(dis)Credit: Erasure and scrutiny of women in STEM

Donna Riley

Women in science, technology, engineering and mathematics face simultaneous invisibility and hypervisibility in settings of all types across academe. Over time, patterns of omission in citation or ideas unacknowledged in meetings have a cumulative effect. Many consequential decisions from grant funding to hiring to tenure and promotion rely formally or informally on these inequitable patterns of recognition and reward. At the same time women are frequently subjected to increased scrutiny in evaluation and review, from hiring and job performance to funding and publication. Increasingly, women in STEM are subjected to targeted harassment via social media that can traumatize scholars, their families and colleagues.

Women’s experiences of invisibility and hypervisibility are shaped by race, class, disability, gender identity, sexual orientation, immigration status and other types of difference, producing distinct inequitable effects. How can we work together to disrupt these patterns of inequity that mark sexist academic STEM cultures? How can we come to terms with root causes in order to structure processes and practices to more effectively counter systemic injustice?

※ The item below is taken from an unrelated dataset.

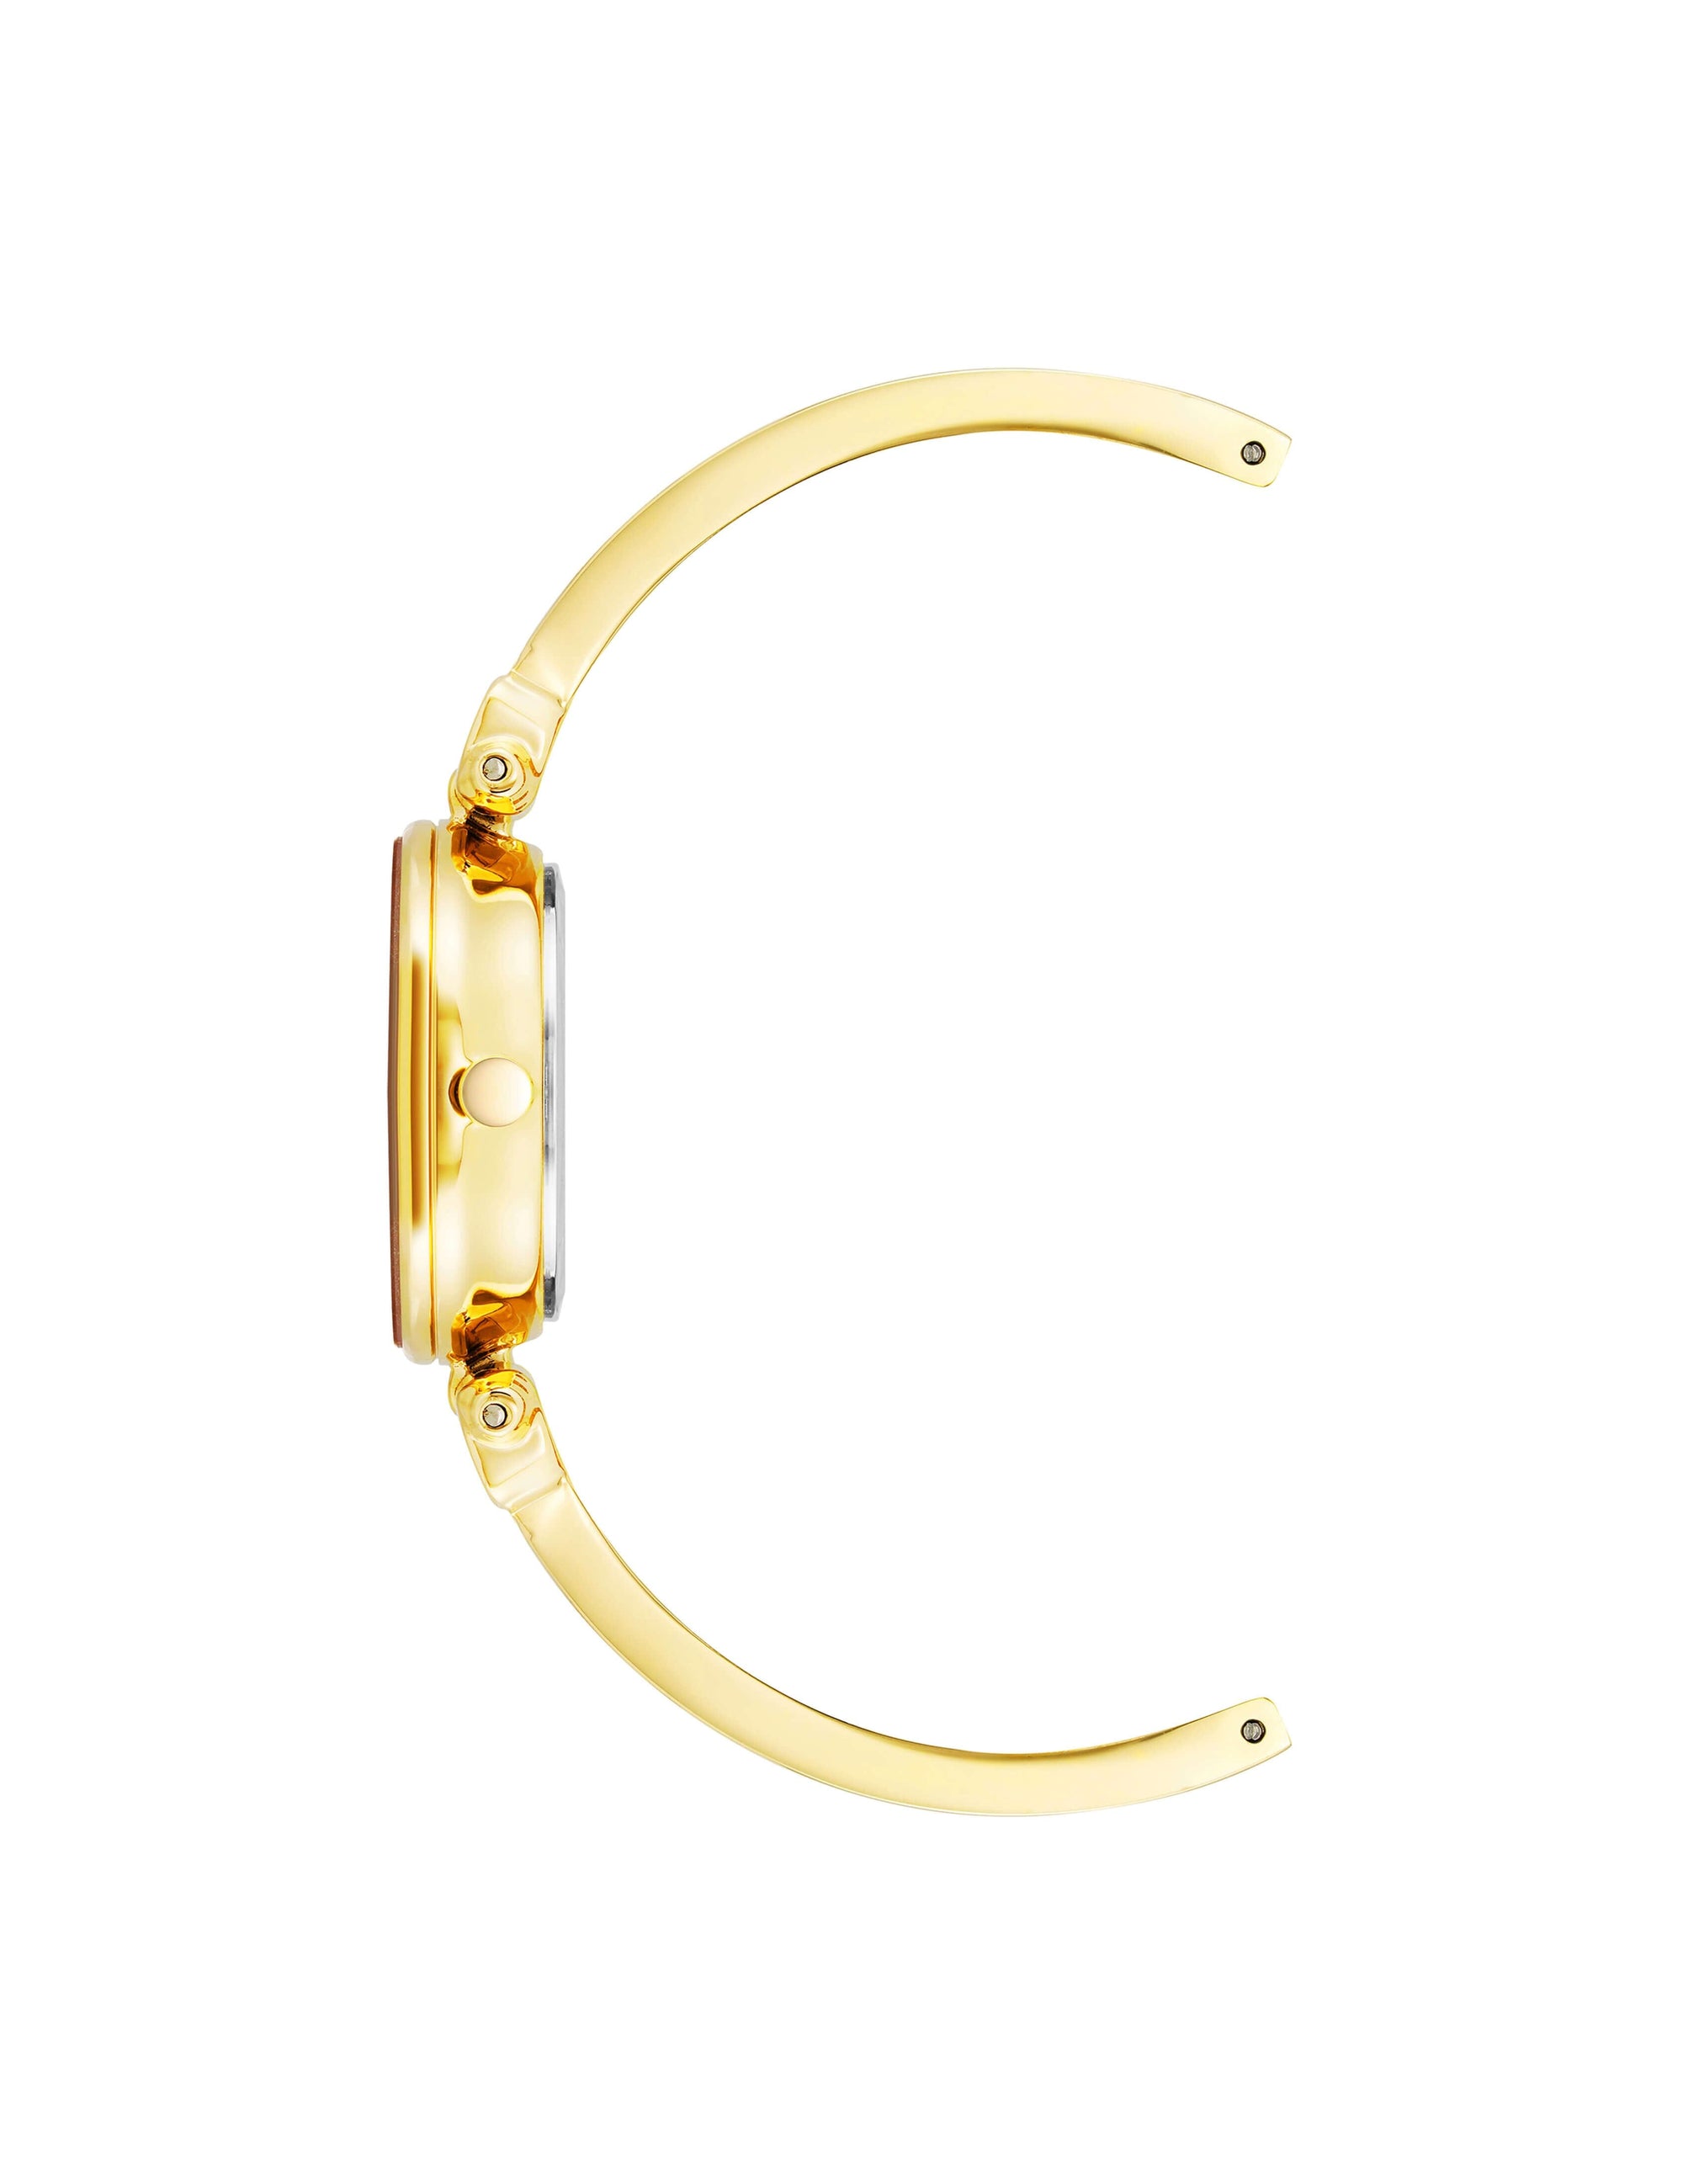 Anne Klein Women'S AK Premium Crystal-Accented Gold-Tone Bangle Watch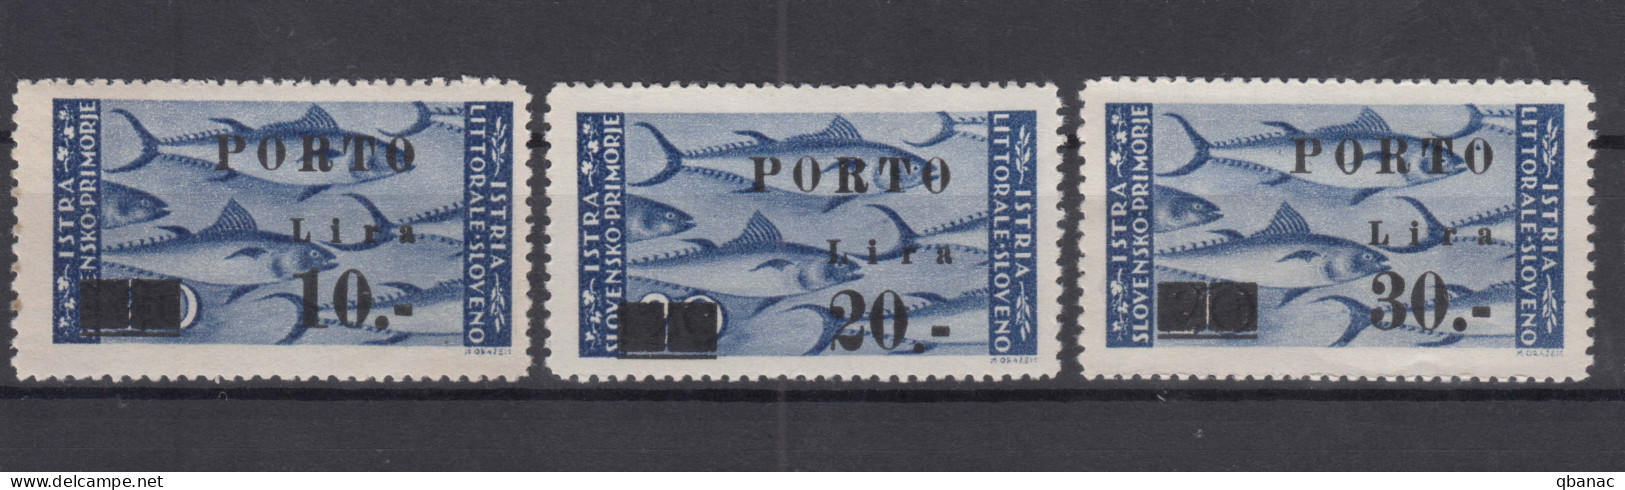 Istria Litorale Yugoslavia Occupation, Porto 1946 Sassone#17-19 Overprint II, Mint Never Hinged - Jugoslawische Bes.: Istrien

Virtual presentation and Q&A

Dr. Donna M. Riley, Kamyar Haghighi Head of the School of Engineering Education at Purdue University, will give a presentation via Zoom to enhance awareness of gender bias and continued lack of diversity in STEM fields.

Thursday, Oct. 29

4 p.m. EDT – Virtual presentation and Q&A

Register today

This event is the second in a year-long, Cross-Institutional Caucus Series, hosted by the four institutions engaged in the NSF ADVANCE Midwest Partnership – Joining Forces grant. The series, taking place in 2020-21, will highlight gender inequities in STEM workplaces, and suggest institutional strategies to counter these inequities.

Meet Dr. Riley

Prior to her new role at Purdue University, Riley was professor and interim head in the Department of Engineering Education at Virginia Tech. From 2013-15, she served as program director for Engineering Education at the National Science Foundation. Riley spent thirteen years as a founding faculty member of the Picker Engineering Program at Smith College, the first engineering program at a U.S. women’s college.

 In 2005, she received an NSF CAREER award on implementing and assessing pedagogies of liberation in engineering classrooms.

Dr. Riley's full biography

ADVANCE Midwest Partnership – Joining Forces

The ADVANCE Midwest Partnership - Joining Forces is a cross-institutional effort of these four research-intensive, doctoral-granting public universities funded by the NSF ADVANCE program to promote increased equity, diversity, and faculty retention and career advancement of faculty in science, technology, engineering or mathematics.